Testing the SZ-based tomographic approach to the thermal history of the universe with pressure-density cross-correlations: Insights from the Magneticum simulation

TL;DR

This study tests a tomographic method using pressure-density cross-correlations to reconstruct the universe's thermal history, validating it at low redshifts with simulation data and identifying discrepancies at higher redshifts.

Contribution

It validates the SZ-based tomographic approach for probing the universe's thermal history using the Magneticum simulation, confirming its accuracy at low redshifts.

Findings

Method accurately reproduces mean thermal pressure at low redshifts.

Discrepancies observed between halo model and simulation at redshifts above 2.5.

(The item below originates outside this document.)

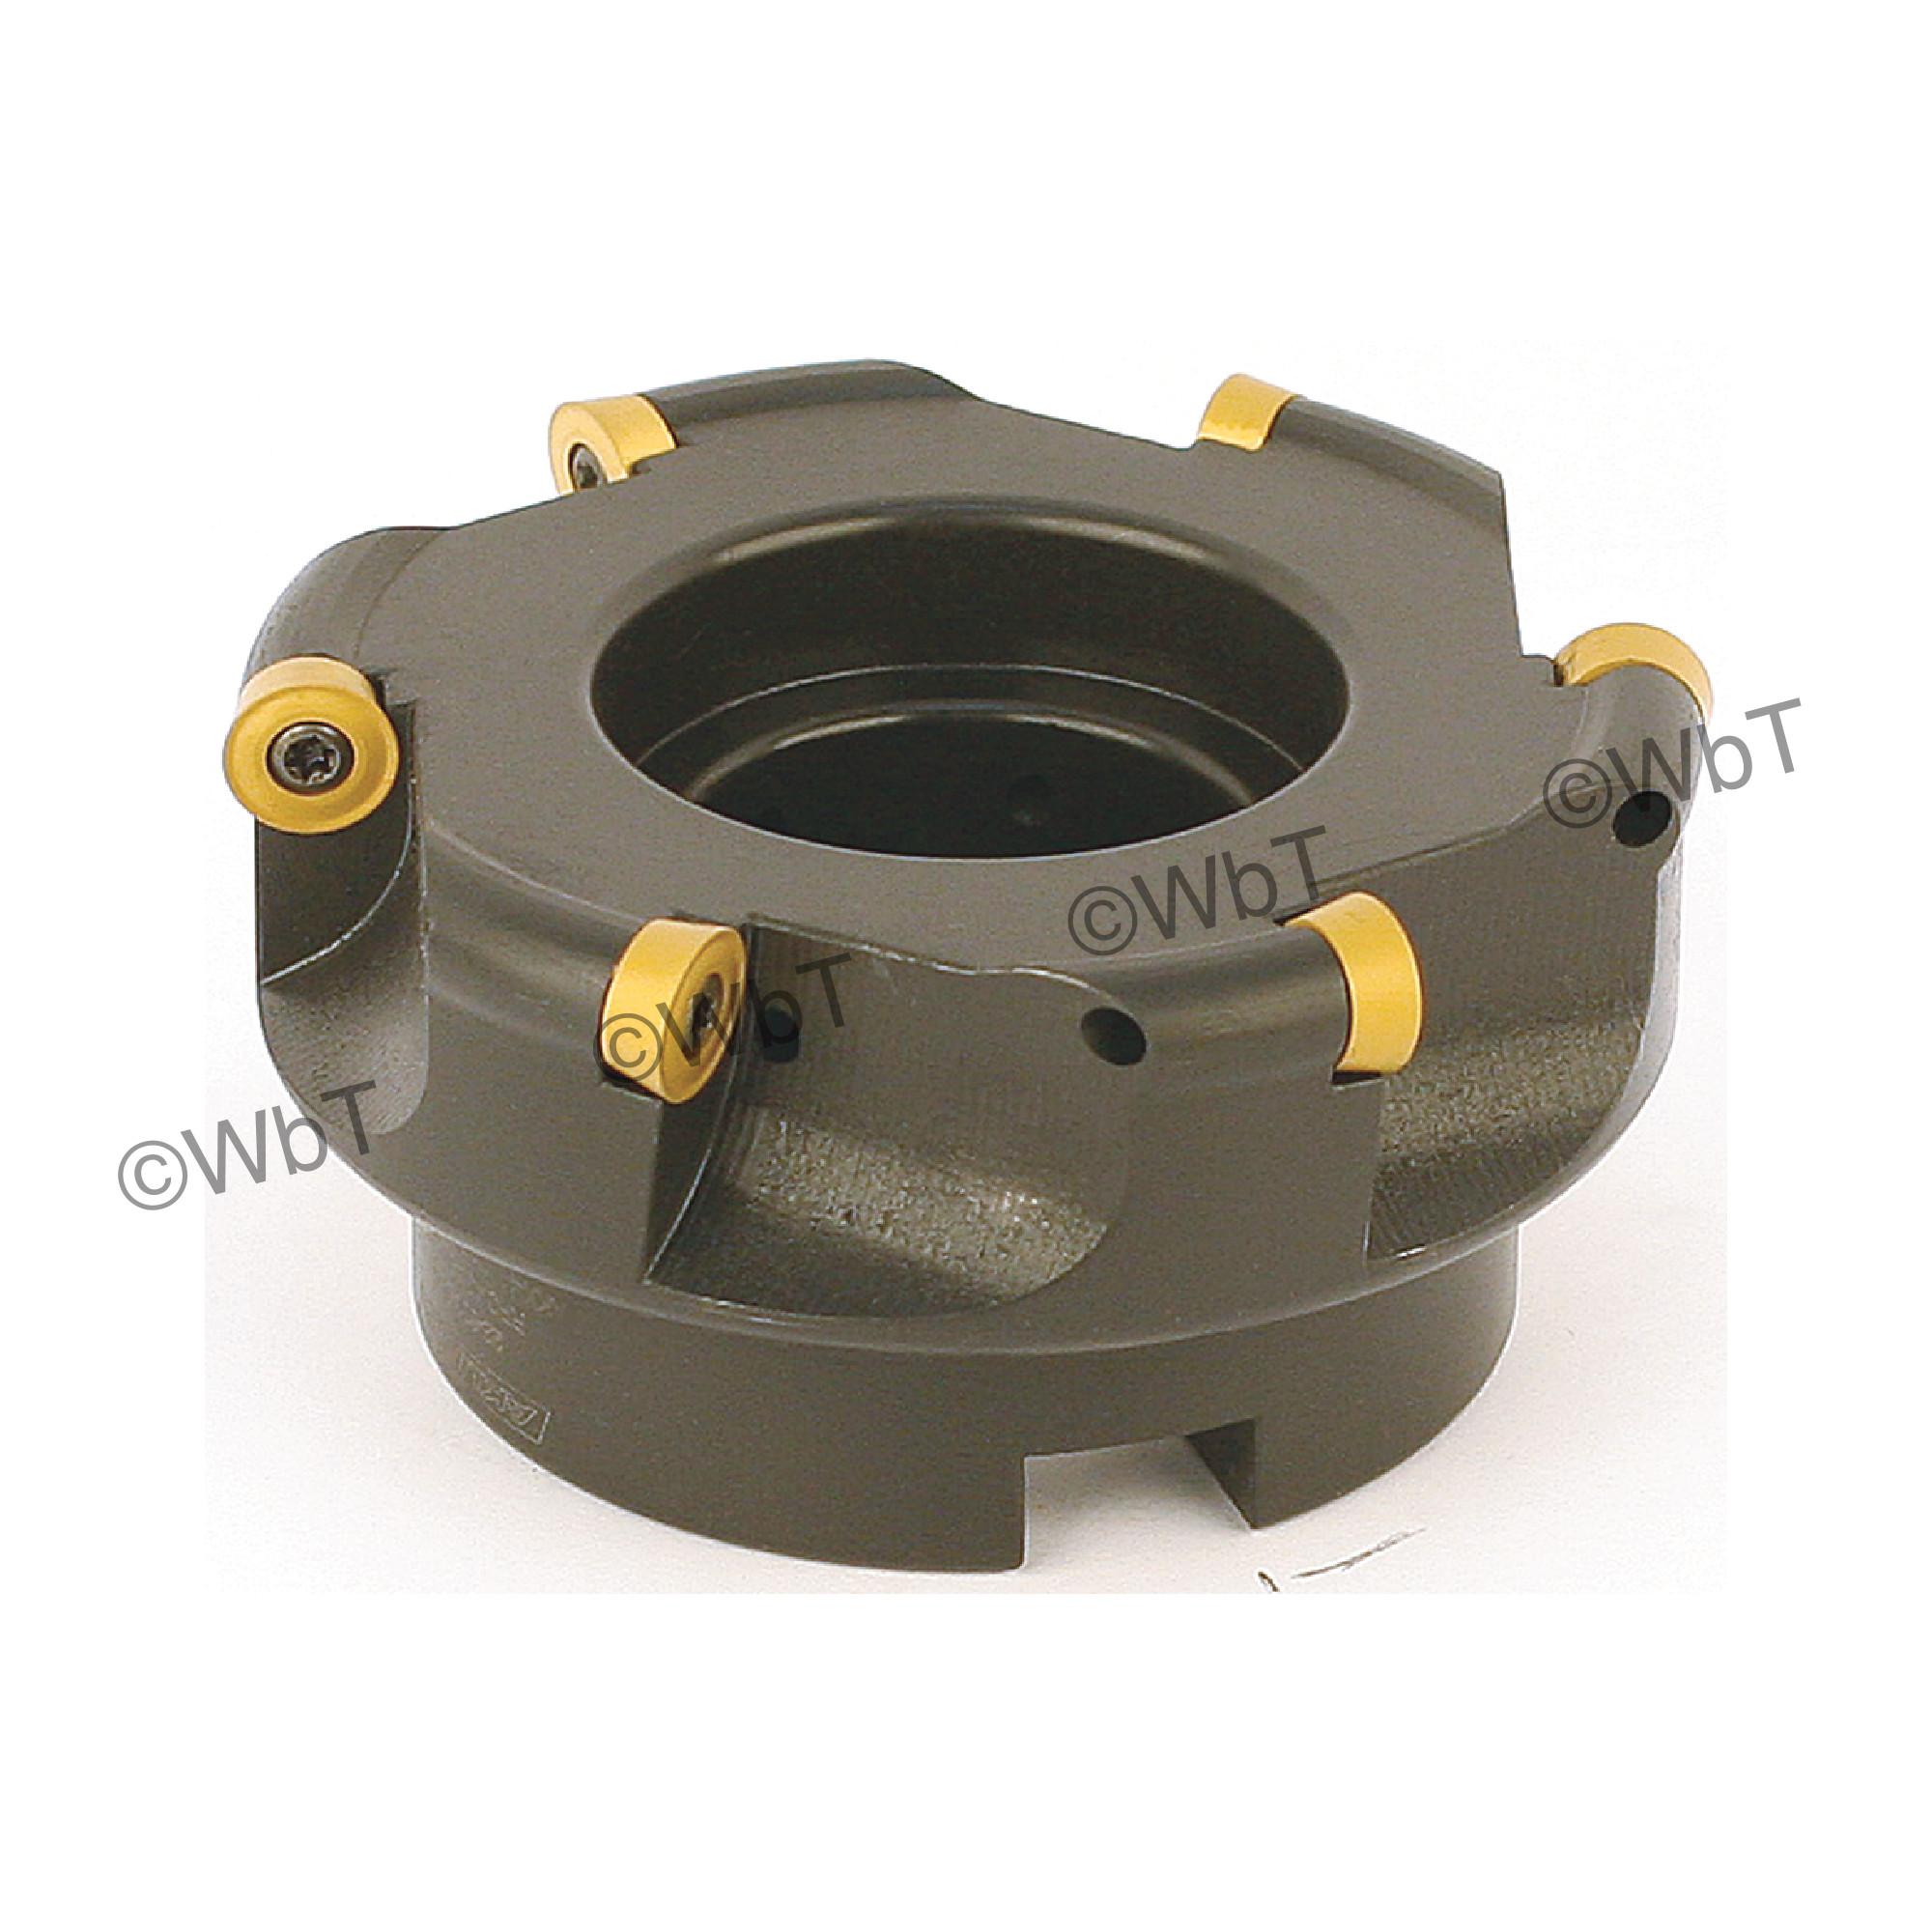 "AKUMA - 4.000"" Face Mill Set / Includes: (1) RPC.43.400R-6 (3.0""ø) & (10) RPMT1204M0S-M1 CM30P Coated Inserts / R"

Supports previous findings on the effectiveness of tomographic cross-correlation techniques.

Abstract

The thermal Sunyaev-Zeldovich effect contains information about the thermal history of the universe, observable in maps of the Compton $y$ parameter; however, it does not contain information about the redshift of the sources. Recent papers have utilized a tomographic approach, cross-correlating the Compton $y$ map with the locations of galaxies with known redshift, in order to deproject the signal along the line of sight. In this paper, we test the validity and accuracy of this tomographic approach to probe the thermal history of the universe. We use the state-of-the-art cosmological hydrodynamical simulation, Magneticum, for which the thermal history of the universe is a known quantity. The key ingredient is the Compton-$y$-weighted halo bias, $b_y$, computed from the halo model. We find that, at redshifts currently available, the method reproduces the correct mean thermal pressure (or the density-weighted mean temperature) to high accuracy, validating and confirming the results of previous papers. At higher redshifts ($z\gtrsim 2.5$), there is significant disagreement between $b_y$ from the halo model and the simulation.